The task ▸ Would you transcribe only the lines below, from the one containing "Coquo freestanding modular" through the end of the material, exactly and with no pictures?

Stored data ▸
===============

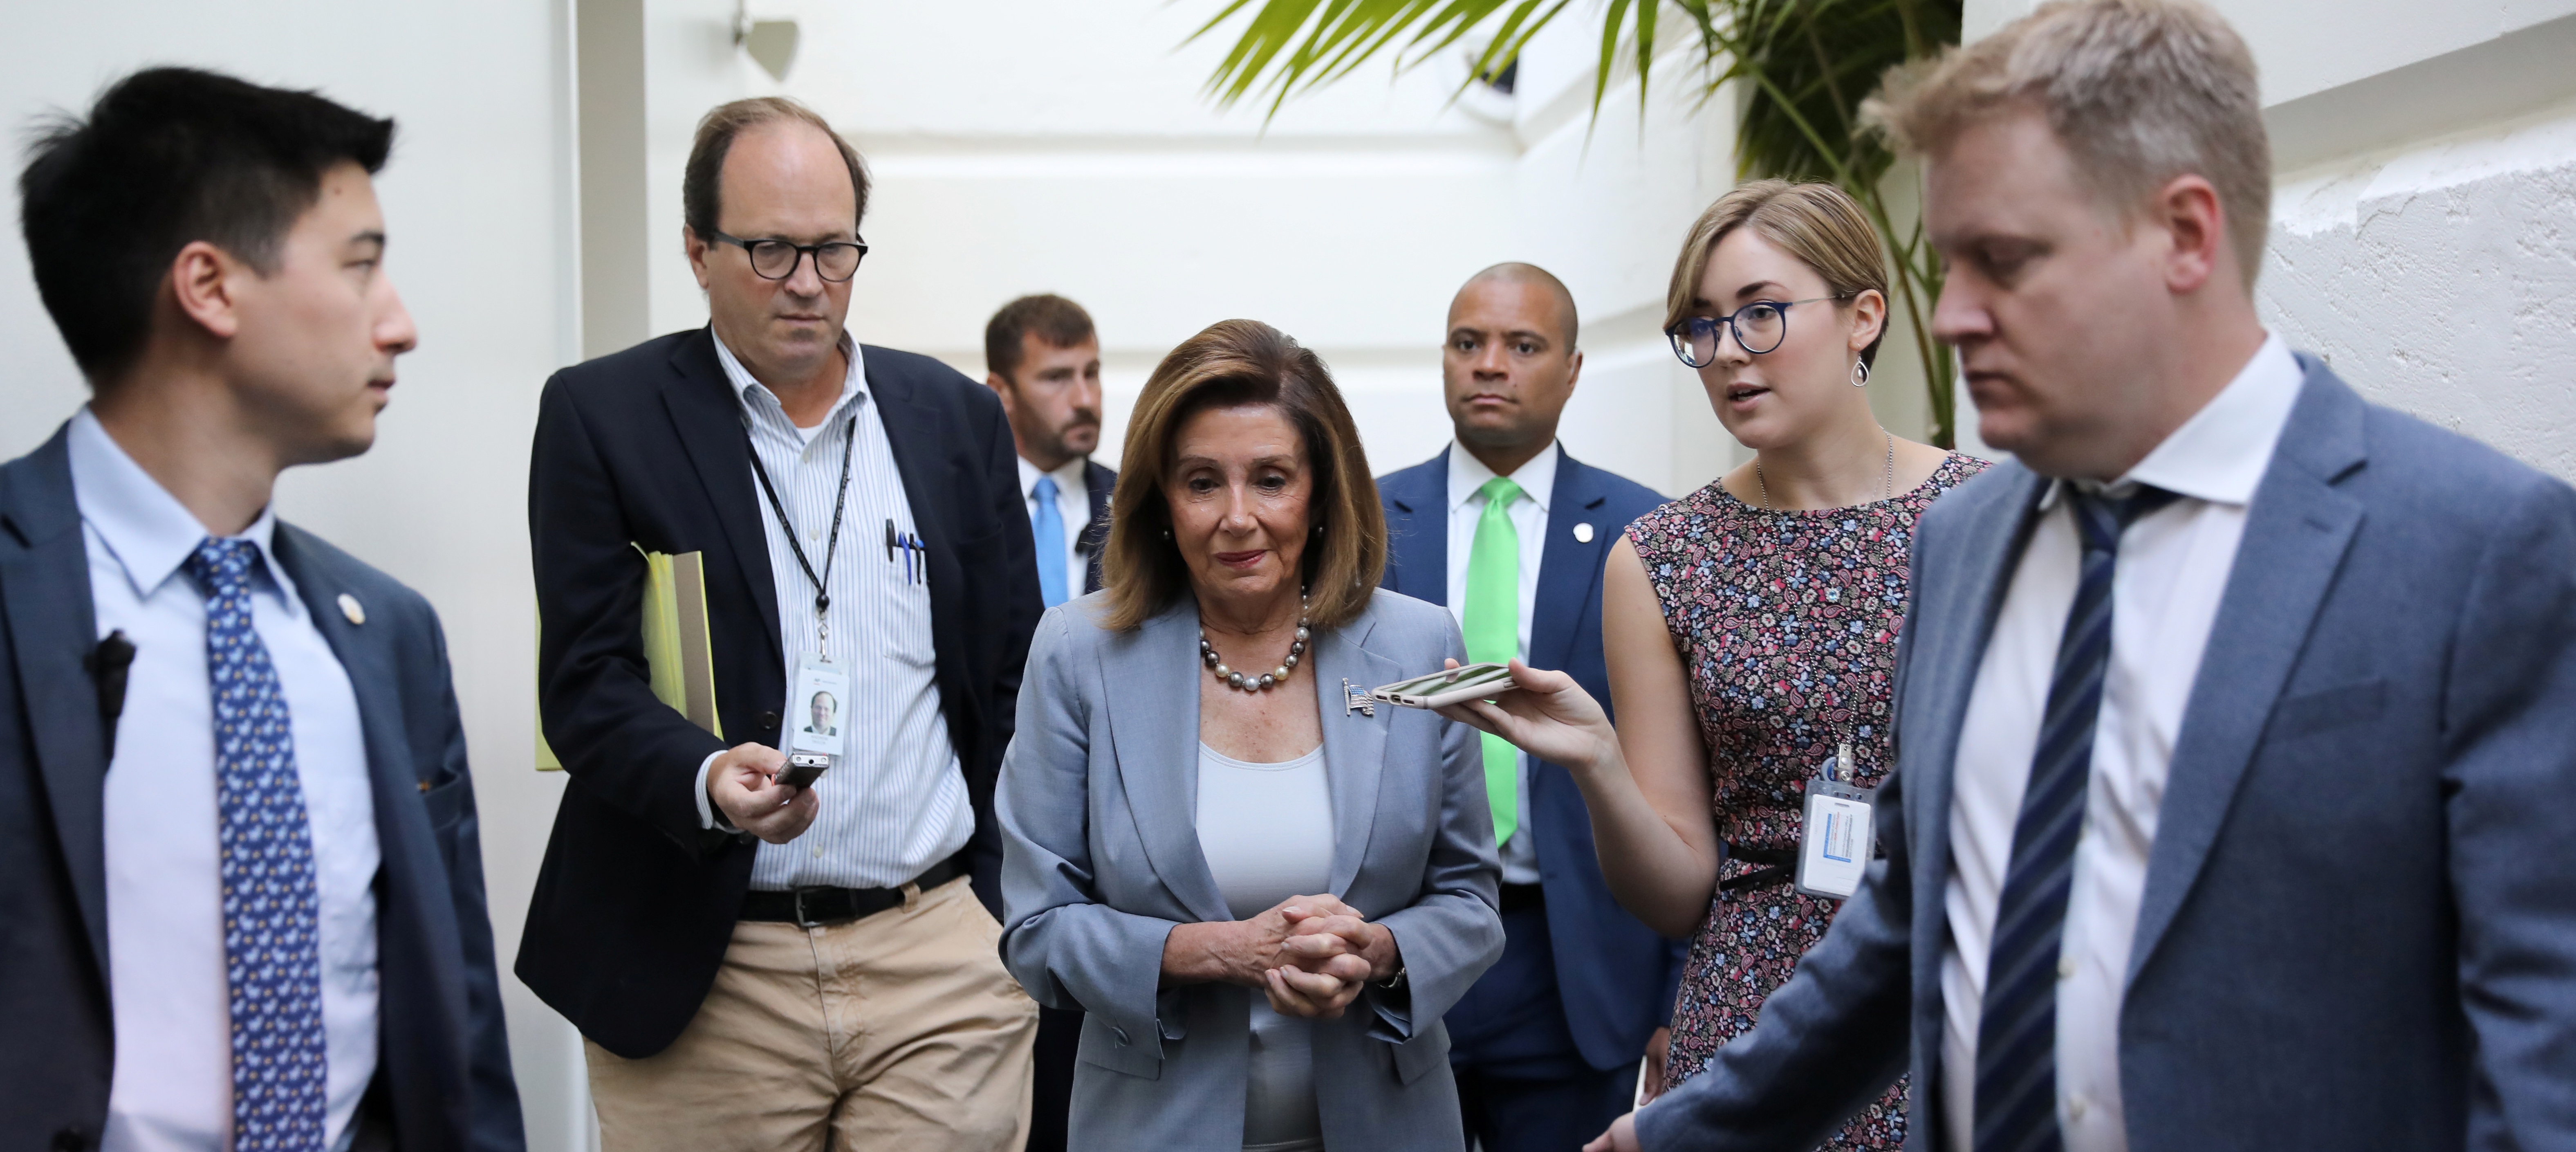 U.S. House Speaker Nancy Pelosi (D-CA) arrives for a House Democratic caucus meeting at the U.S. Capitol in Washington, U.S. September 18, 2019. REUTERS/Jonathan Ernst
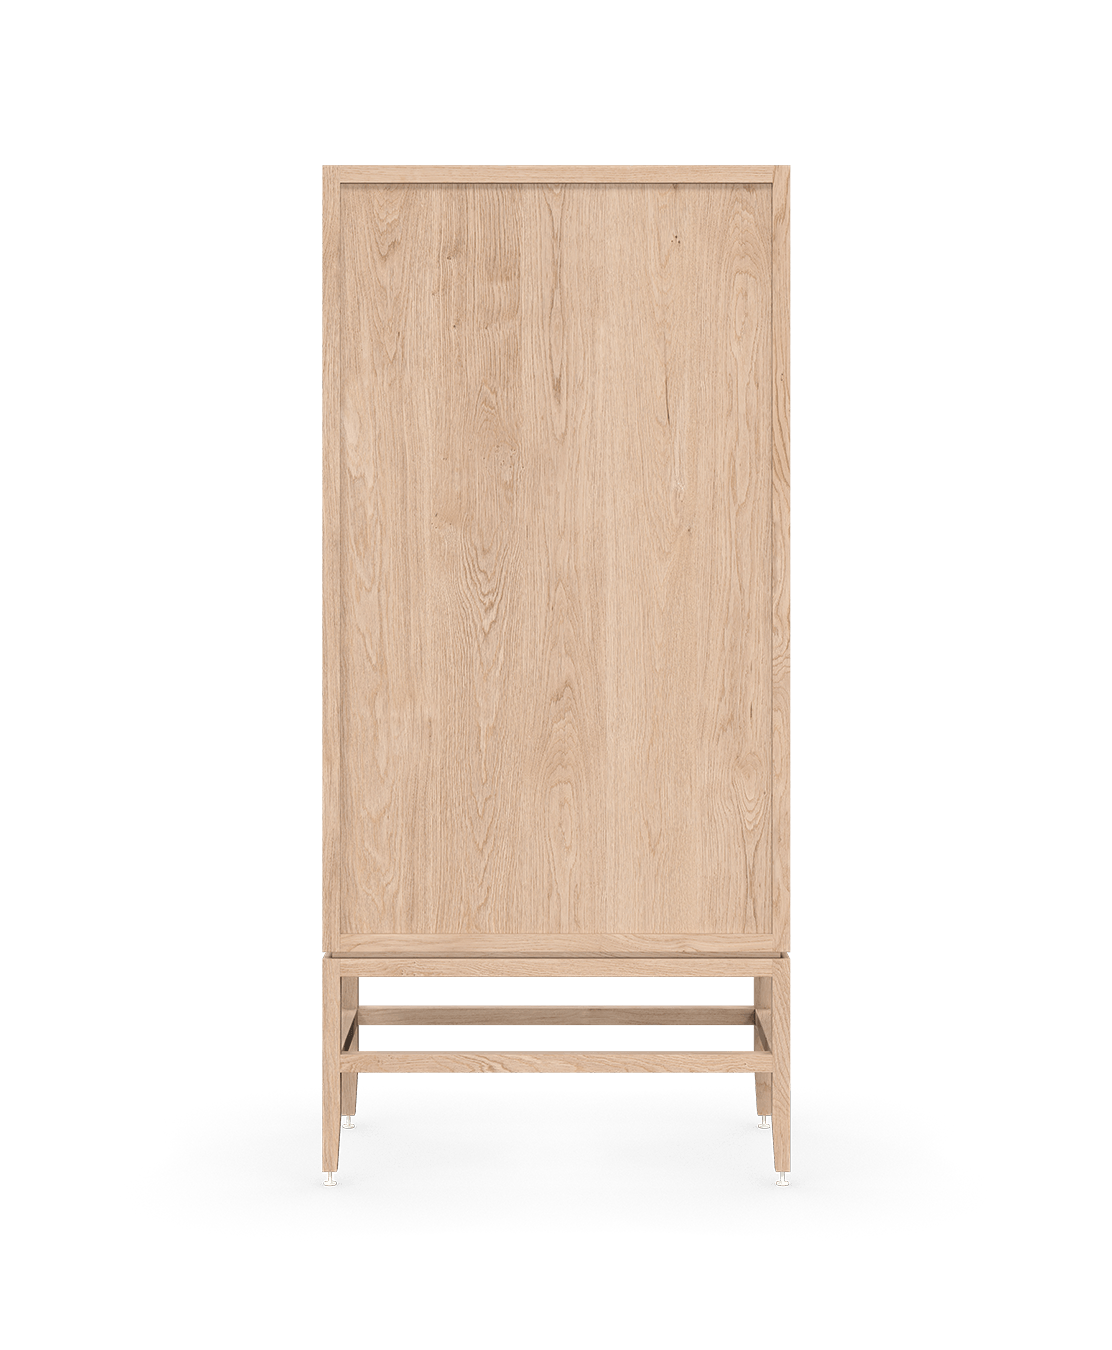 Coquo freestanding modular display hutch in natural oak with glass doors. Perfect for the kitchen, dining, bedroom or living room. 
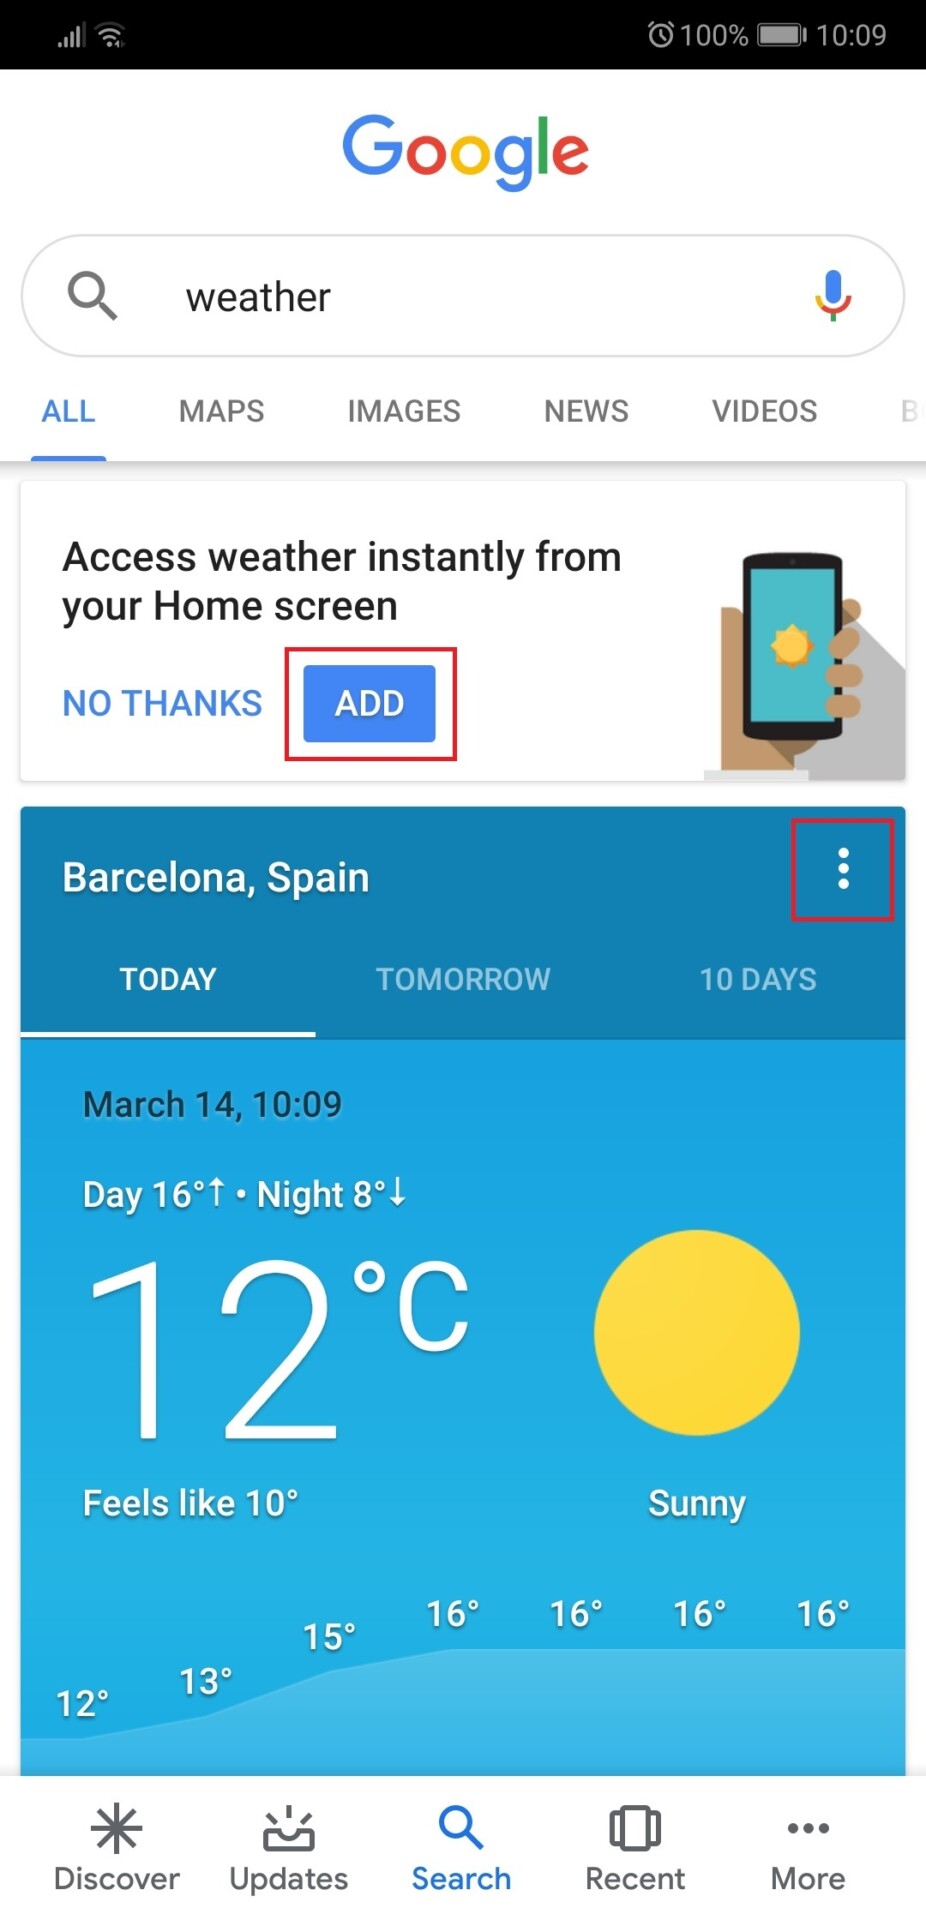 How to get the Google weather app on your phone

===============

Response ▸
 Coquo freestanding modular display hutch in natural oak with glass doors. Perfect for the kitchen, dining, bedroom or living room. 
 How to get the Google weather app on your phone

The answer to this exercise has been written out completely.